Apa yang Sebaiknya Dilakukan Orang Tua?

Apa yang Sebaiknya Dilakukan Orang Tua | | Bagaimana Menghadapi Anak yang Suka Menangis?
Foto: www.freepik.com

“Saya mengerti, memang tidak mudah bagi orang tua menahan diri untuk tidak memarahi, mengancam, mengomeli, menghukum anak. Namun sering kali respons kita yang seperti ini membuat keadaan semakin parah, karena anak merasa tidak dipahami,” tambah psikolog ini.

Saat anak menangis, Rayna menyarankan agar orang tua mendampingi anak dengan menunjukkan rasa empati.

Kamu bisa mengatakan: “Adik sedih ya, mau beli mainan tapi nggak dibolehin karena adik sudah punya dua di rumah-rumahan.” Atau, “Kakak kesal ya, kuenya dihabiskan sama adik. Kakak nggak kebagian. Mama tahu kakak suka yang coklat ‘kan?”

Dan jika anak sudah berhenti menangis, “barulah orang tua bisa memberikan masukan dengan dengan bahasa anak,” sarannya.

Kamu bisa mencoba mengatakannya, begini: “Mama tahu, adik pingin es krim. Adik suka yang stroberi, tapi nggak dibelikan, karena Mama takut monster batuknya semakin besar. Kalau batuk terus, Mama kasihan nanti leher adik sakit. Gini aja, kalau sudah sembuh, kita makan es krim stroberi, ya. Hmm, enak….”

Saat mengatakan itu, Rayna menyarankan untuk mengajak anak berimajinasi, membayangkan apa yang ia inginkan.

Kesimpulan

bagaimana menghadapi anak yang mudah menangis 1 | | Bagaimana Menghadapi Anak yang Suka Menangis?
Foto: www.freepik.com

Jika si kecil menangis di rumah, mungkin orang tua masih bisa tenang. Namun lain ceritanya jika dia memilih menangis di tempat publik, bioskop misalnya. Semua mata memandang.

Jika kamu merasa malu, “itu sangat wajar karena cemas dianggap kurang bisa mendidik anak,” imbuh Rayna.

Jika ini kamu alami, Rayna menyarankan untuk tidak panik. “Agar orang tua bisa lebih tenang dan tidak panik, ingatlah untuk menarik napas dalam-dalam. Ajak anak ke tempat sepi, lalu bicarakan dengan anak agar tangisnya mereda,” ujarnya.

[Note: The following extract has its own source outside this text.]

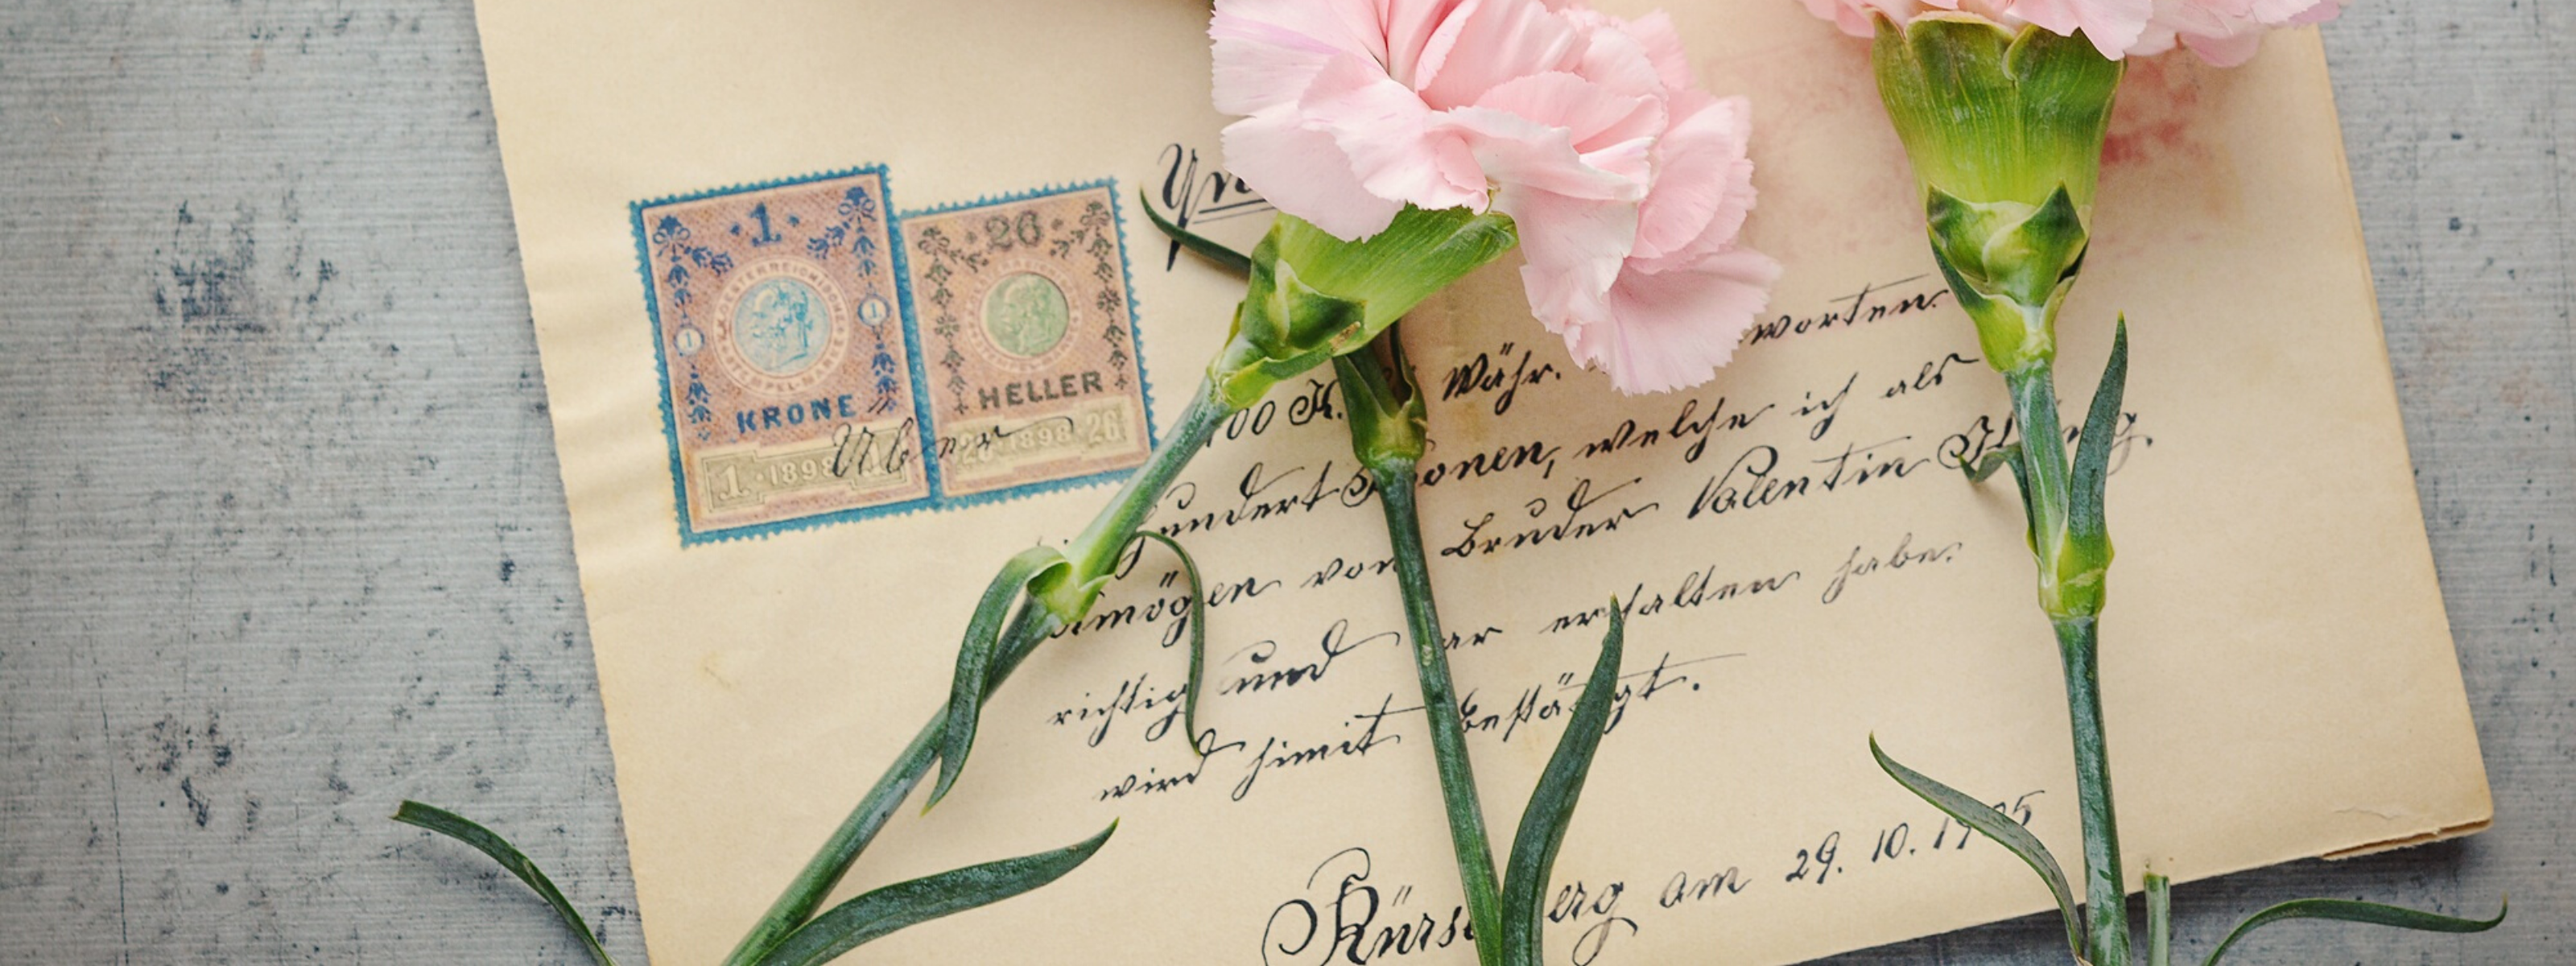 Różowe kwiaty z zielonymi liścmi na tle zaadresowanej koperty ze znaczkami.

“Ketika anak menangis, orang tua sebisa mungkin menunjukkan empati terlebih dahulu,” Rayna mengingatkan.

“Lalu setelah tangis anak berhenti, orang tua mengajak anak untuk menarik napas panjang. ‘Satu tarik… Dua buang… Tiga tarik… Empat buang…'”

Dan jangan lupa memberikan penjelasan dengan bahasa anak.

Misalnya dengan mengatakan, “Mama tahu adik sedih karena ….. Adik boleh sedih kok. Nah, sekarang Mama sudah ajarkan kalau adik sedih harus gimana, supaya sedihnya hilang. Kalo adik sedih, Mama temani ya, Nak. Adik boleh minta Mama peluk, kok”.

Apabila cara-cara serupa belum menunjukkan hasil, “silakan menghubungi psikolog untuk dilakukan asesmen lebih lanjut untuk dibuatkan program terapi individual (misalnya terapi sensori, terapi perilaku) untuk anak,” sarannya.